Determine the number of lines in the entries below in which the word "Bedroom" appears, and reply with that number only.
»»
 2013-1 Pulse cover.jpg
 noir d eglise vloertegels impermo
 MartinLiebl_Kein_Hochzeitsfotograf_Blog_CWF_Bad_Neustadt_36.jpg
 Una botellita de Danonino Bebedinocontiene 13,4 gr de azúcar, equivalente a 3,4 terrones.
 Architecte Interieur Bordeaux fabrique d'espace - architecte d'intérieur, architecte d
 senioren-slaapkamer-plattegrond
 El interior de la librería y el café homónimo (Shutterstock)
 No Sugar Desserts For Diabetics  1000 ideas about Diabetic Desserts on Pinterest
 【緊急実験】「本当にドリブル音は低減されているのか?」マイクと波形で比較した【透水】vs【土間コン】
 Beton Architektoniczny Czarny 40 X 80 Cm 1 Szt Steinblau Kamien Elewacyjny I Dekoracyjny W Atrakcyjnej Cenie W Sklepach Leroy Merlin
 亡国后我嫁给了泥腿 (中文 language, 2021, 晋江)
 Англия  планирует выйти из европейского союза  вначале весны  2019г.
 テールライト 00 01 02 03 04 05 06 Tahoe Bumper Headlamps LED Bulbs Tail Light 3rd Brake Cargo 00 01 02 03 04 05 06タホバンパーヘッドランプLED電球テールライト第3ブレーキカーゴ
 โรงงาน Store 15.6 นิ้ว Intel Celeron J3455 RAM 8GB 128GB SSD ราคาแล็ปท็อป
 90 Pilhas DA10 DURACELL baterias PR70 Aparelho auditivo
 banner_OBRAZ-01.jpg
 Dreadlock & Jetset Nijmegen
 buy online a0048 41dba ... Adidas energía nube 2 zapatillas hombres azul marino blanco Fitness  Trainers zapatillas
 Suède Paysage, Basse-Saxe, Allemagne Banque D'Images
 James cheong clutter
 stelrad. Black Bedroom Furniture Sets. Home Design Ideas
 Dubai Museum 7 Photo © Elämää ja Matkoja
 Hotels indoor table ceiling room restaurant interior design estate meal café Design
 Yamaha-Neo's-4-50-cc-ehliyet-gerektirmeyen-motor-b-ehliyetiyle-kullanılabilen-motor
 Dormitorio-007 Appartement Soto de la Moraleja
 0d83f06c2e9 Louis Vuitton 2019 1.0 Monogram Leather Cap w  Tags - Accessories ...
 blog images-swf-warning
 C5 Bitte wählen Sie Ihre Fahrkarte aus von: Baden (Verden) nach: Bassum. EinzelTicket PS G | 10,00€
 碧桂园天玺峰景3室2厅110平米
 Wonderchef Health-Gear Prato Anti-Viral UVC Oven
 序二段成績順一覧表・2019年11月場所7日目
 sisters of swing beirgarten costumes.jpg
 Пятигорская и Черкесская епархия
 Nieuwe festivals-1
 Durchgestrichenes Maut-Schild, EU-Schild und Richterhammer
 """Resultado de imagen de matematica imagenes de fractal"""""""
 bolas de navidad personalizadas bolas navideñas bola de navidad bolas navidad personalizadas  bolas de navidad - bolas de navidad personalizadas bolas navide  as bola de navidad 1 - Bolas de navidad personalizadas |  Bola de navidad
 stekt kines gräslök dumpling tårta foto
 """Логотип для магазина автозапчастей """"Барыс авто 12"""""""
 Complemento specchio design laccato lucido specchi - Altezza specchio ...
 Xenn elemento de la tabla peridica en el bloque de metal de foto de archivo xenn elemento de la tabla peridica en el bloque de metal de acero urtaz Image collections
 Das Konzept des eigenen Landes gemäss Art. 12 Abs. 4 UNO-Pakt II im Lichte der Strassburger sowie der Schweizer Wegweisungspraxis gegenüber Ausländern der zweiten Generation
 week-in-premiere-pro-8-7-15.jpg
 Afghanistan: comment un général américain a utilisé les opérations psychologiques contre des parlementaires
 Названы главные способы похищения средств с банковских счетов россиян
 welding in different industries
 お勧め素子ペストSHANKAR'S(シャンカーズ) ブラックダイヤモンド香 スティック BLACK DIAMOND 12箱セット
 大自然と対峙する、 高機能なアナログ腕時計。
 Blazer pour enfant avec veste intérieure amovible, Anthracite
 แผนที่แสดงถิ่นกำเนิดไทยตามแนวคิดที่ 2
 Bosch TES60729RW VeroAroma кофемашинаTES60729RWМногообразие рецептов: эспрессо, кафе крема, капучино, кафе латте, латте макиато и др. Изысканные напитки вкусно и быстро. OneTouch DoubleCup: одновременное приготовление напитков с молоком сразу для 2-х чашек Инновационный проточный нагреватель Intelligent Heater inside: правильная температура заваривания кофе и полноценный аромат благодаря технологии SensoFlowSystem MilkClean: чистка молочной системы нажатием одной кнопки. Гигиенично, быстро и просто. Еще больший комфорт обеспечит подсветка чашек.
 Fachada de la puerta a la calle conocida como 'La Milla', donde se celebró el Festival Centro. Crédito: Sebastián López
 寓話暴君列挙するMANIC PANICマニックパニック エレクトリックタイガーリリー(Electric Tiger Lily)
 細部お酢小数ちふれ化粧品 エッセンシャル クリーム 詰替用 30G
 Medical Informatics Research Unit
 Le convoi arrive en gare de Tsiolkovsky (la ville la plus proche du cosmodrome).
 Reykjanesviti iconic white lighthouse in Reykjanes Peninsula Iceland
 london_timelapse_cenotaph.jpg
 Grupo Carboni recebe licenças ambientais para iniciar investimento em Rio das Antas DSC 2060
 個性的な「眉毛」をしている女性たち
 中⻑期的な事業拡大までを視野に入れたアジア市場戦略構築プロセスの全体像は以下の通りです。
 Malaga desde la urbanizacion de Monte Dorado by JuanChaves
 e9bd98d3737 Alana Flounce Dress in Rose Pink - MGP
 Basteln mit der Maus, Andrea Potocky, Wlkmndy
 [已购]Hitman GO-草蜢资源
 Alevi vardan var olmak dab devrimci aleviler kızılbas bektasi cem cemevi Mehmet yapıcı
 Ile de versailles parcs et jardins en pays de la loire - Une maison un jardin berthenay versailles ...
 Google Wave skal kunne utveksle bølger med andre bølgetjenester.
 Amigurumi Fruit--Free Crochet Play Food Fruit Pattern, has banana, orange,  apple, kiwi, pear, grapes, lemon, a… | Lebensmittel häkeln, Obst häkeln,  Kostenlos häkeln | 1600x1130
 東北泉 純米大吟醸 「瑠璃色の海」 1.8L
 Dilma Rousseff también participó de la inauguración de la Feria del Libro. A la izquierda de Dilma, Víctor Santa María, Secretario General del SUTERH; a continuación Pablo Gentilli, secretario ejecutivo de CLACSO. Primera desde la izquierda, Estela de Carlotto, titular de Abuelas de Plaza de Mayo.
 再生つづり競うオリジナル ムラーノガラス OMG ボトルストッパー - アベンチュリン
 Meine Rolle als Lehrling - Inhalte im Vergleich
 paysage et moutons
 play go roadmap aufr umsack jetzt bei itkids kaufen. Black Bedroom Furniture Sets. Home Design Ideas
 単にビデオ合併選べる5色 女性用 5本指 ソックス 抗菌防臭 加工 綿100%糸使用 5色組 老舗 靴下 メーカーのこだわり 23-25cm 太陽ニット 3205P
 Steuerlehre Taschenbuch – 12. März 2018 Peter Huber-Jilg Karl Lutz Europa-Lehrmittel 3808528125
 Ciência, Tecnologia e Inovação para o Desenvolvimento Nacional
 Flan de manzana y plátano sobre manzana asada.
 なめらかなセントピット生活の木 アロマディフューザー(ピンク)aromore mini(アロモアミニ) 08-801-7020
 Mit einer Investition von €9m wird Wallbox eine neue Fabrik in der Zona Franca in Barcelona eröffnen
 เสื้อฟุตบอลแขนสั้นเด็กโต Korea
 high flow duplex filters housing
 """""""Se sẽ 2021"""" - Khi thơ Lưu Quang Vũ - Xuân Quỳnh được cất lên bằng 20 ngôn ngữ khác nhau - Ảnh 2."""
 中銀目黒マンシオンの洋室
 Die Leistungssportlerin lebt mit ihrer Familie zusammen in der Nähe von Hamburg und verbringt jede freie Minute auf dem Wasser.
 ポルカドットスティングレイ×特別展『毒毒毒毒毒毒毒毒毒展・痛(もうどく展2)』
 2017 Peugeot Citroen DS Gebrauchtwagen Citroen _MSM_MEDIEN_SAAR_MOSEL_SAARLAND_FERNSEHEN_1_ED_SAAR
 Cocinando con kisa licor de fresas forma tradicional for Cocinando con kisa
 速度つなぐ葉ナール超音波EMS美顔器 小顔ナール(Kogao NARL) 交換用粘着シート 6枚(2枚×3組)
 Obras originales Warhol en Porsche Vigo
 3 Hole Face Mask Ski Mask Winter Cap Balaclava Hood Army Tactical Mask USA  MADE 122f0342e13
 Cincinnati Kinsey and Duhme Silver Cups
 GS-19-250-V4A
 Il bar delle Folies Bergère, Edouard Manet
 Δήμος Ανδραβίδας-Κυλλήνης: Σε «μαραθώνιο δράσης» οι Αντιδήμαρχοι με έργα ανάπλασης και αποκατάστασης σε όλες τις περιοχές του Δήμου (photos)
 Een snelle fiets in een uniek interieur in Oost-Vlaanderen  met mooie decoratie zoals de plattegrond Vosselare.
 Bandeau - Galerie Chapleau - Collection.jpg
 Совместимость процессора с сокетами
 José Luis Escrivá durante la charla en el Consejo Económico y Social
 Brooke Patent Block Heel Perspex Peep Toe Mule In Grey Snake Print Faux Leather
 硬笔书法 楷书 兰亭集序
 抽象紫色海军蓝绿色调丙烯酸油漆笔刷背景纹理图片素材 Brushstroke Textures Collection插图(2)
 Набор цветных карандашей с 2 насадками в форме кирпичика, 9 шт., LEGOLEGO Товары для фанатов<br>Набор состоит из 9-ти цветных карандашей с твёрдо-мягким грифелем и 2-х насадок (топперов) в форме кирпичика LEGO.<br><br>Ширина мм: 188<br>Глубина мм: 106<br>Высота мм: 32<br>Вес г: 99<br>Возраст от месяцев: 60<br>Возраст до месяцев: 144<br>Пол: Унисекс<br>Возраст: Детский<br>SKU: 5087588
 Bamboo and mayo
««
▶ [Result for this task] 2